Profiles describe the agent configuration under test:

Model and provider
Available tools (calendar, email, search, etc.)
Memory strategy (stateless, session-scoped, long-term vector store)
Gateway behavior (rate limits, retries, fallback models)
Safety boundaries (approval required for destructive actions)

Traces capture what happened:

Tool call timeline with latencies
Assistant reasoning and replies
Deterministic check results (did the meeting get booked?)
Judge summaries (was the confirmation email polite and accurate?)

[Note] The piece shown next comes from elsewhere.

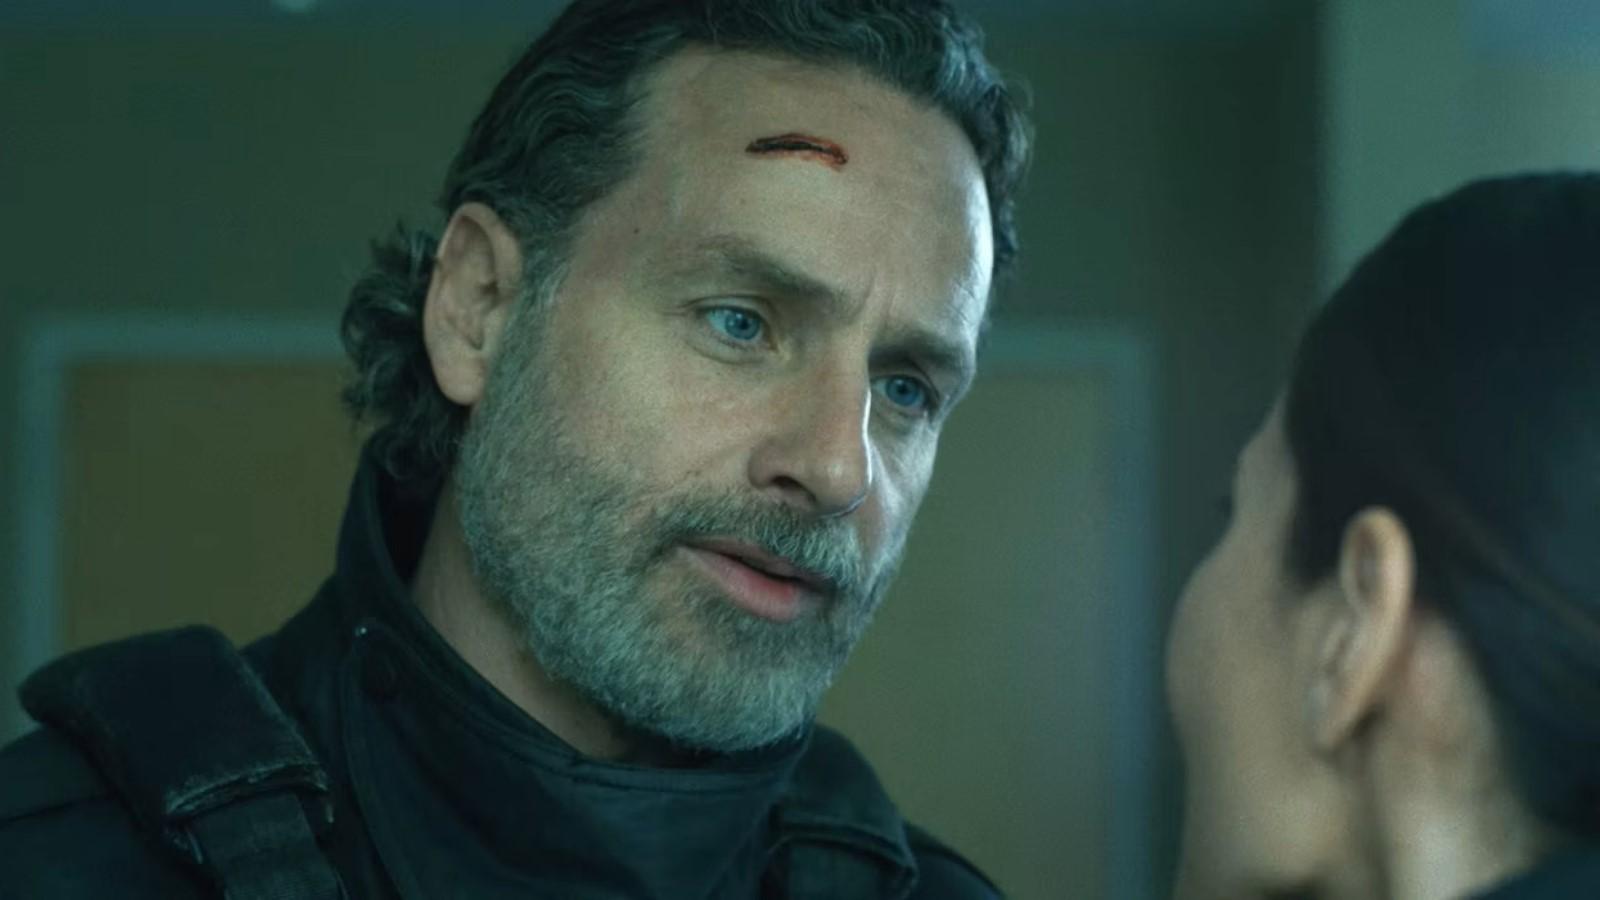 Andrew Lincoln as Rick Grimes in The Walking Dead The Ones Who Live Episode 6

Traces are redacted to remove private payloads but preserve structure. You can see that the agent called calendar.search twice, waited 1.2 seconds, then called email.send, without seeing the actual email body.

Scoring: Capability, Reliability, UX

HermesBench scores three axes:

Axis	What It Measures	Example Failure
Capability	Did the agent complete the task?	Meeting scheduled but wrong time zone
Reliability	Did it handle errors gracefully?	Crashed when calendar API returned 429
UX	Was the interaction smooth?	Asked user to confirm three times for one action

Each recipe defines deterministic checks (meeting exists in calendar) and LLM-as-judge criteria (confirmation email tone). The final score is a weighted average across all recipes in a suite.

The current baseline (78.2) reflects one specific configuration. The site deliberately avoids a leaderboard because the goal is not to rank models but to expose workflow failure modes.

State Persistence Across Sessions

Most personal agent tasks span multiple sessions. The agent starts a task, waits for user input or external data, then resumes hours or days later.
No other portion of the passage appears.